It's hard to believe it was just five years ago when I was openly praising a Logic album.
Hell, I think a lot of you remember my review of Under Pressure, his 2014 album that built on some pretty solid mixtape momentum and had some real significant weight to match Logic's flows and contemporary but distinctive boom bap production. I stand by that record as legitimately great, highlighting a rising talent who had great taste in production and a lot of ambition, which translated into his follow-up the next year The Incredible True Story which took his content into a space-themed concept record that couldn't quite stick the landing. And then he followed it two years later with Everybody that went for an even more ambitious and polarizing topic about being biracial in America that earned him even more backlash...
And yet it was that project that netted Logic his first massive smash hit, complete with guest appearances from Khalid and Alessia Cara he got a song with the title of the suicide hotline to break into the top 5. It hadn't been his first charting presence - the posse cut from Suicide Squad 'Sucker for Pain' gave him that, and it's important to note that his less conceptual, more mainstream mixtapes had a tendency to do very well on the Hot 100 - but the suicide hotline song set a narrative around Logic as an approachable, generally nonthreatening rapper who could flow his ass off but wound up speaking around platitudes that could feel misconceived or shallow... which yes, was something that had leaked into his songwriting on the albums, but I do remember when Logic had more to say and could stick the landing.

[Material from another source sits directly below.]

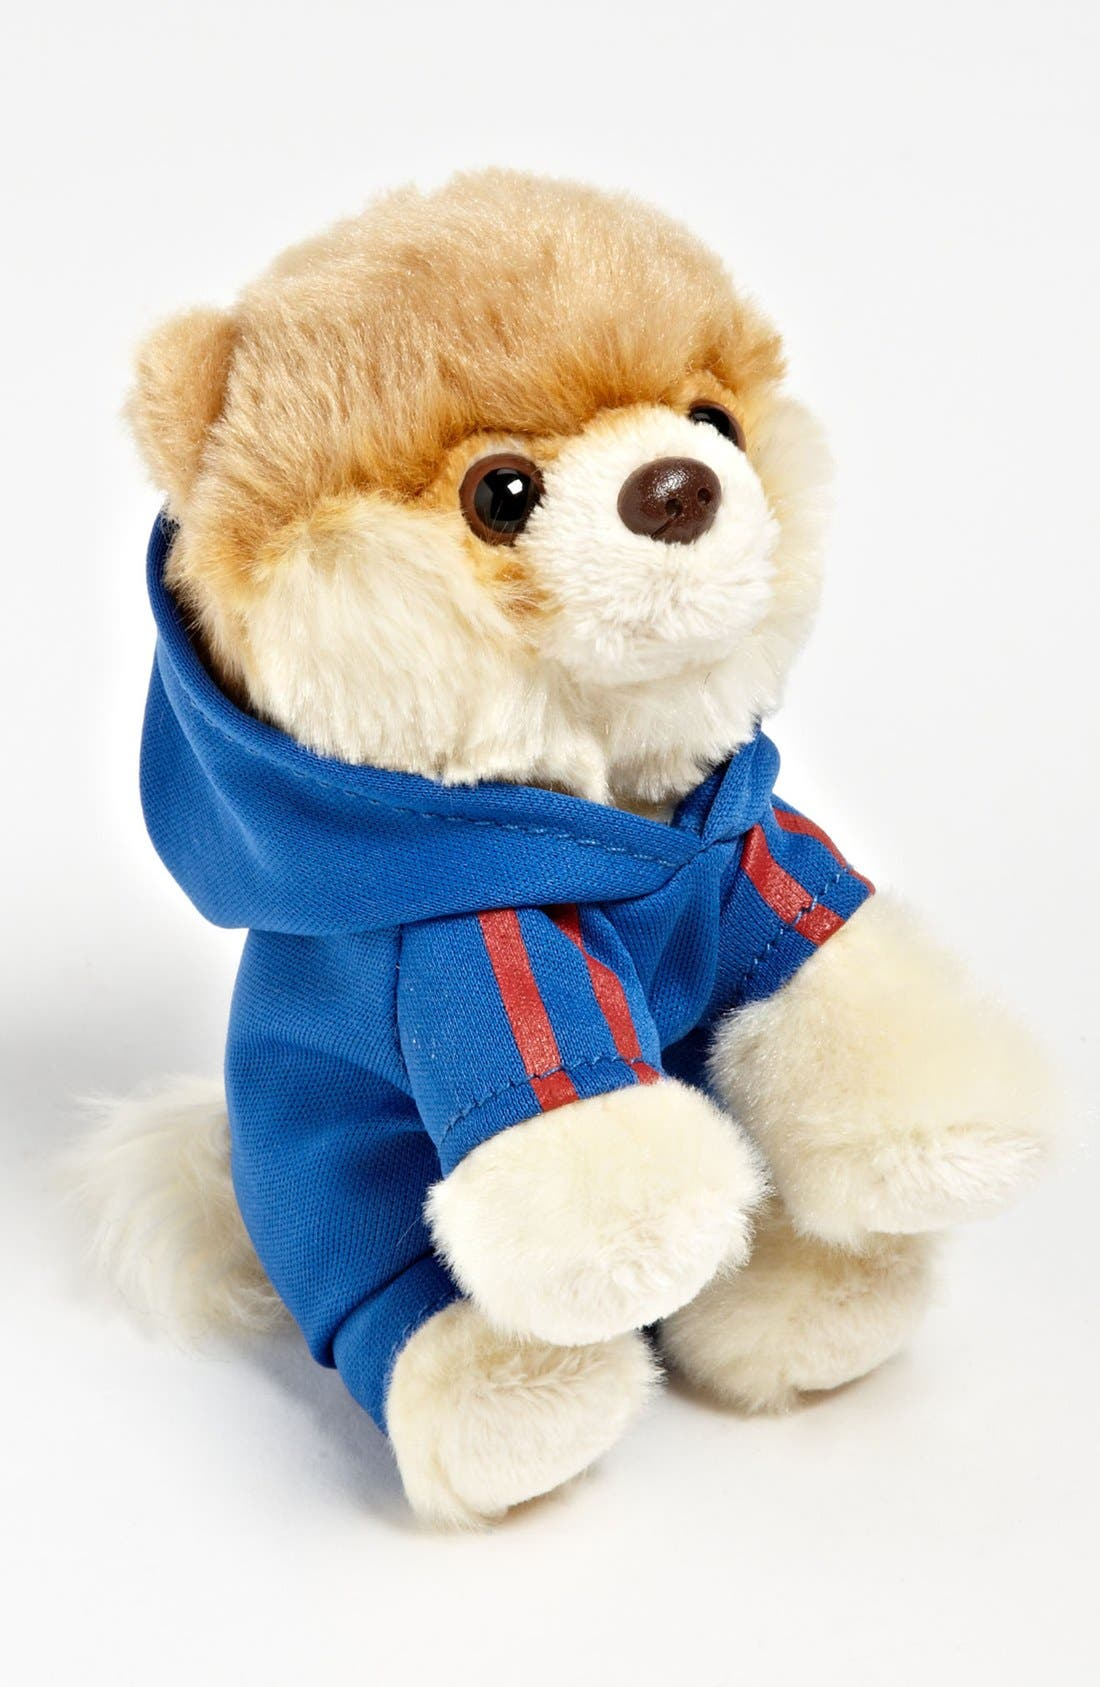 Alternate Image 1 Selected - Gund 'Itty Bitty Boo' Stuffed Animal

And I'll admit I had a bad feeling about this project in particular, coming hot on the heels of some particularly stupid comments that he made how he makes music for his 'fans', not hip-hop culture - a bit of a spicy statement and I guarantee it wasn't made with the Wu-Tang Clan in the room, even despite somehow getting a significant chunk of the members to contribute to a song on this album. But even calling the album YSIV was telling, an album follow-up to a series of mixtapes with four songs breaking the six minute mark and a lead-off single featuring Ryan Tedder's caterwauling on the hook. Suffice to say, I was not expecting this to be great or even good - was I wrong?